Daily Wealth—Weekly: You’re Nuts if You Own Gold Instead of This
I don't know why anyone would trade gold when they could trade platinum right now.
Platinum does everything gold does. It's a store of value, it works as money, it's easy to hide, it's durable, it looks beautiful as jewelry and I could go on. From a trading standpoint, it also has some huge advantages to gold.
First, platinum's major demand comes from industrial users, especially the auto industry. You might think that's a bad thing, but I see it as an advantage. Think what happens to gold once it's mined: It sits in vaults, in safety deposit boxes or in people's jewelry boxes. It never disappears. When sentiment changes or the price gets high enough, this "scrap" gold floods the market and suppresses prices.
But with 80% of platinum demand from industry, each year automakers sweep that platinum off the market and bury it inside catalytic converters. It can't come back as supply. And economically sensitive assets are rallying hard.
Second, platinum is 15 times rarer than gold. And 80% of its supply comes from South Africa. There is a much greater supply risk. Gold is produced all over the world.
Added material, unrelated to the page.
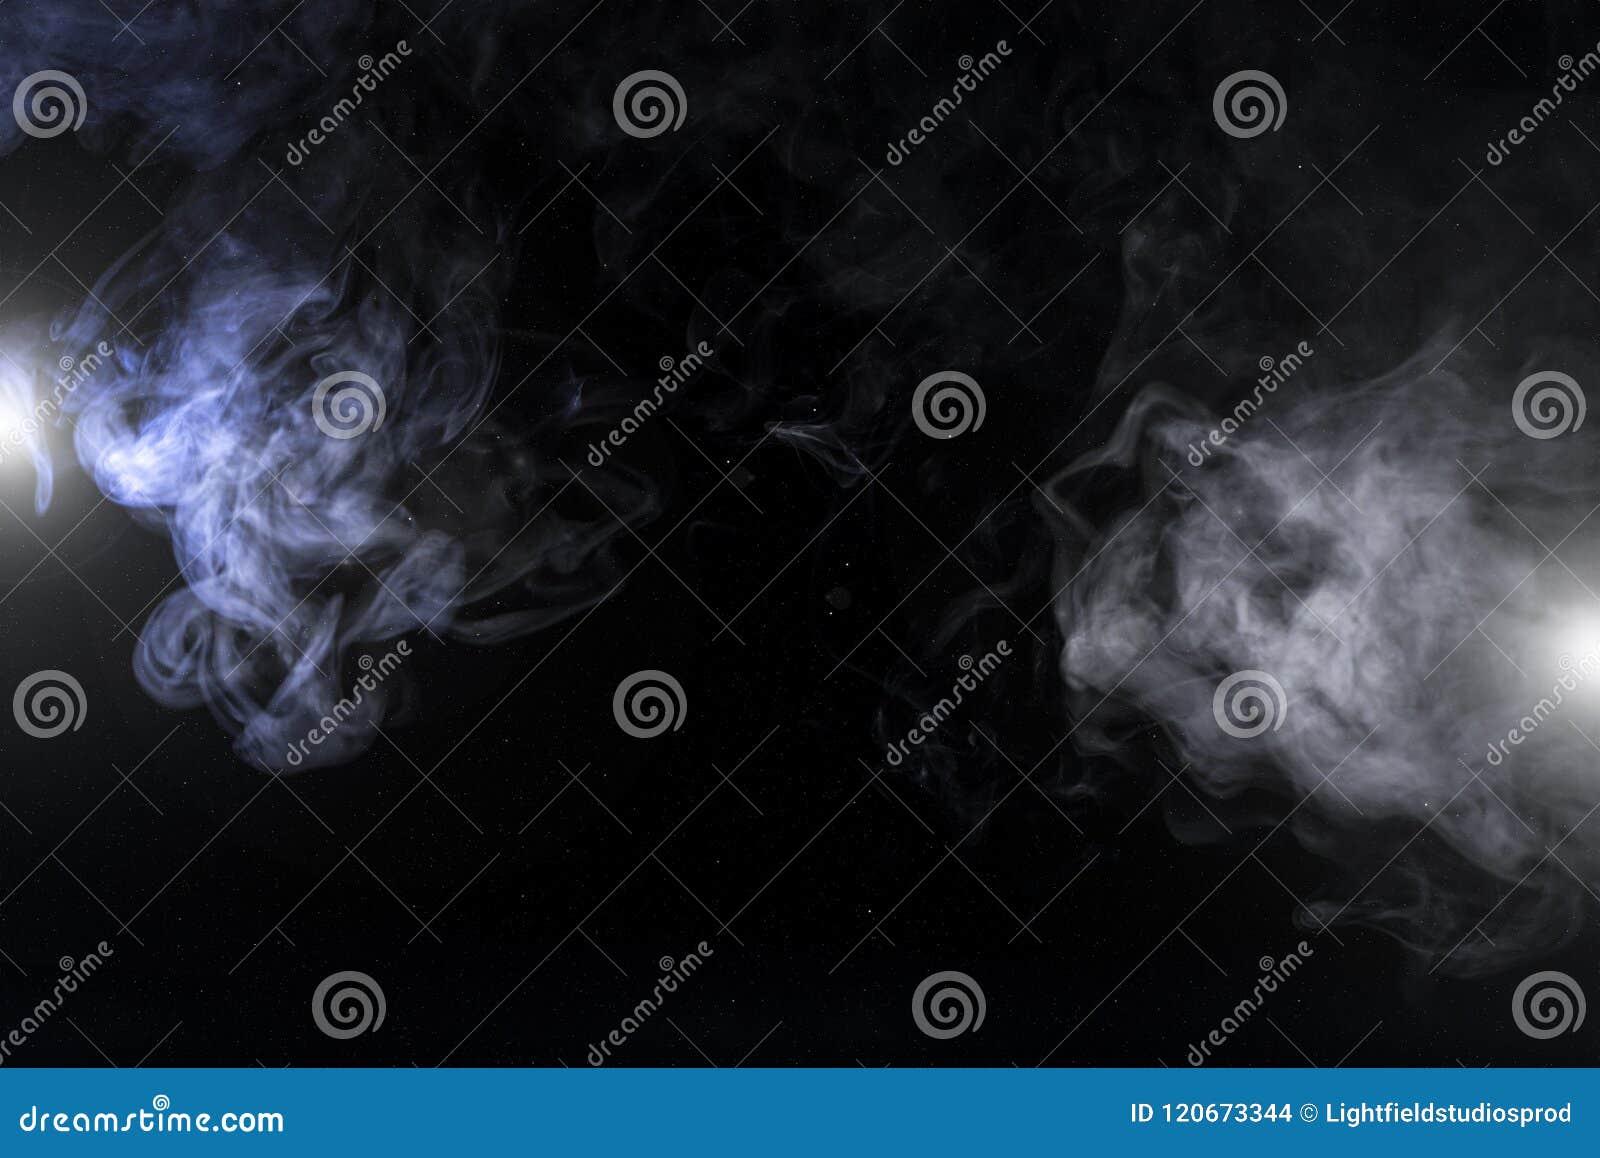 grey smoky swirls and lights on black background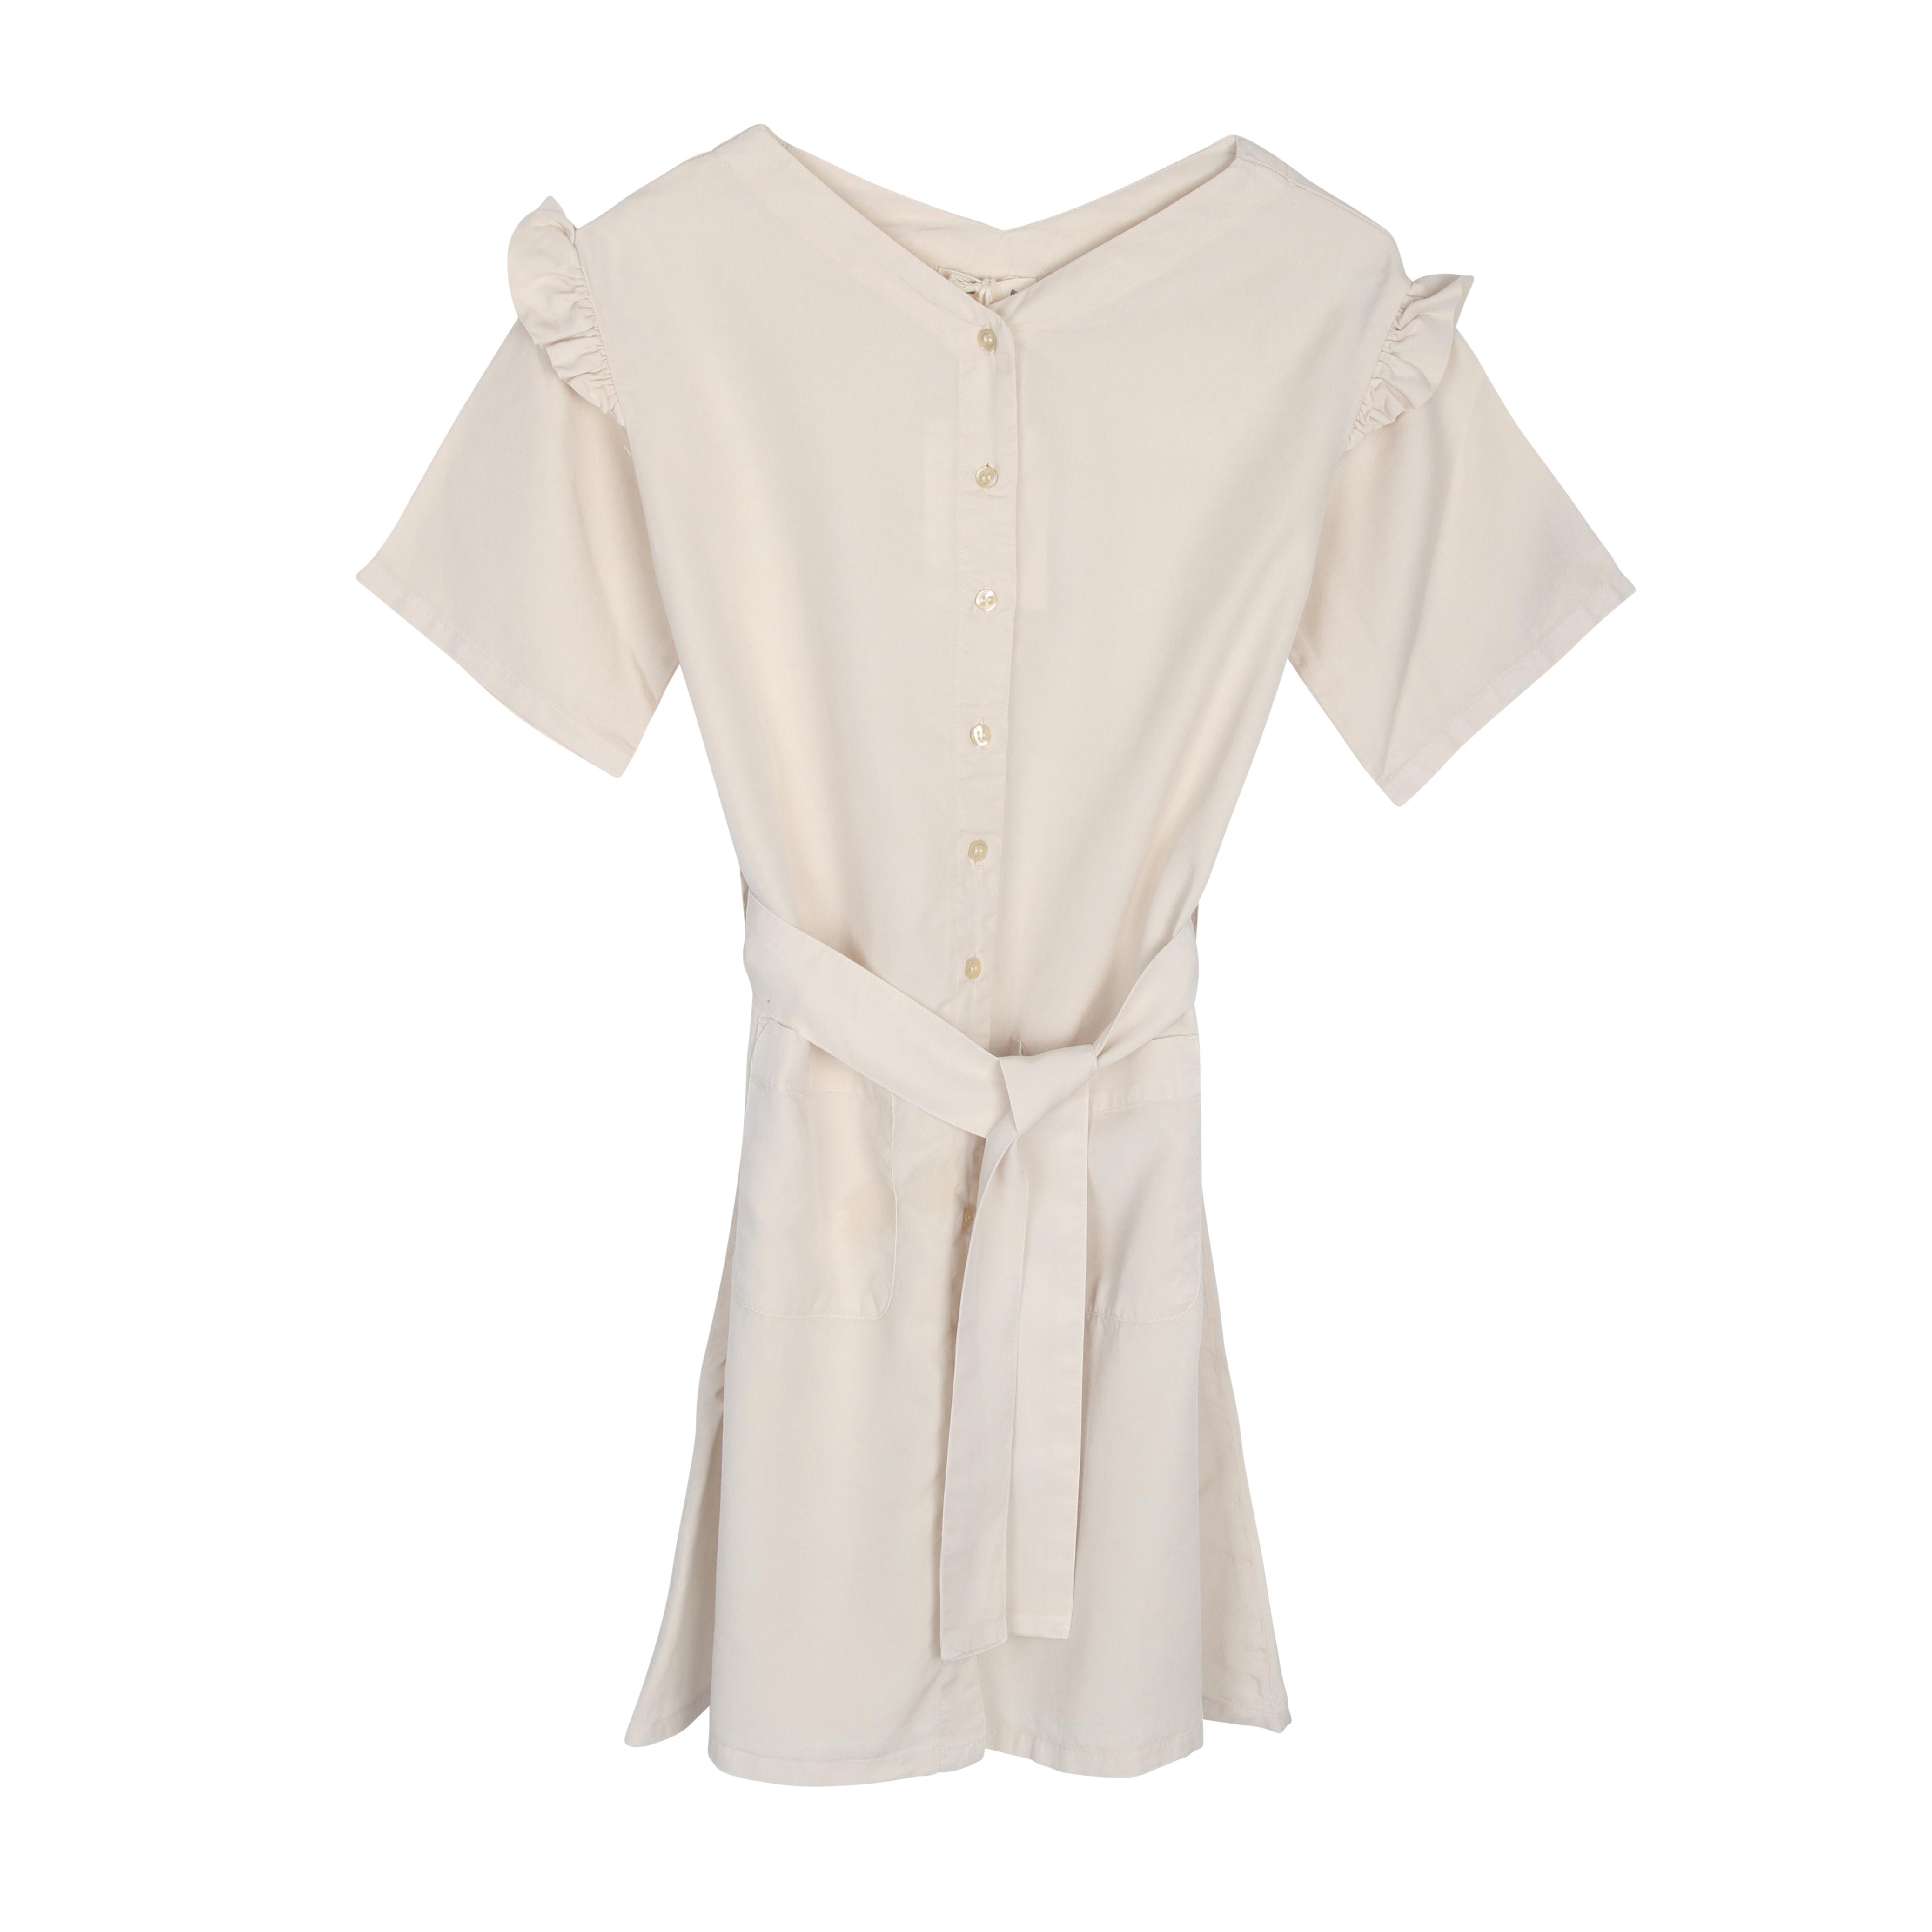 THE BIBIO PROJECT TIE DRESS(WHITE SWAN)

Finally, the gold-platinum ratio is at a 12-year low after platinum's crash in 2008, but as I write this, platinum has broken out and is now moving up against gold as well as the dollar.
In April, platinum hit its highest high in more than six months. The platinum exchange-traded fund (PTM) is one of the five best-performing ETFs of the 88 I've followed over the last three months.
Don't get me wrong; I still own plenty of gold as a "crisis hedge." But if you're shooting for really big gains in the precious metals market, look into platinum—you would be nuts to ignore it.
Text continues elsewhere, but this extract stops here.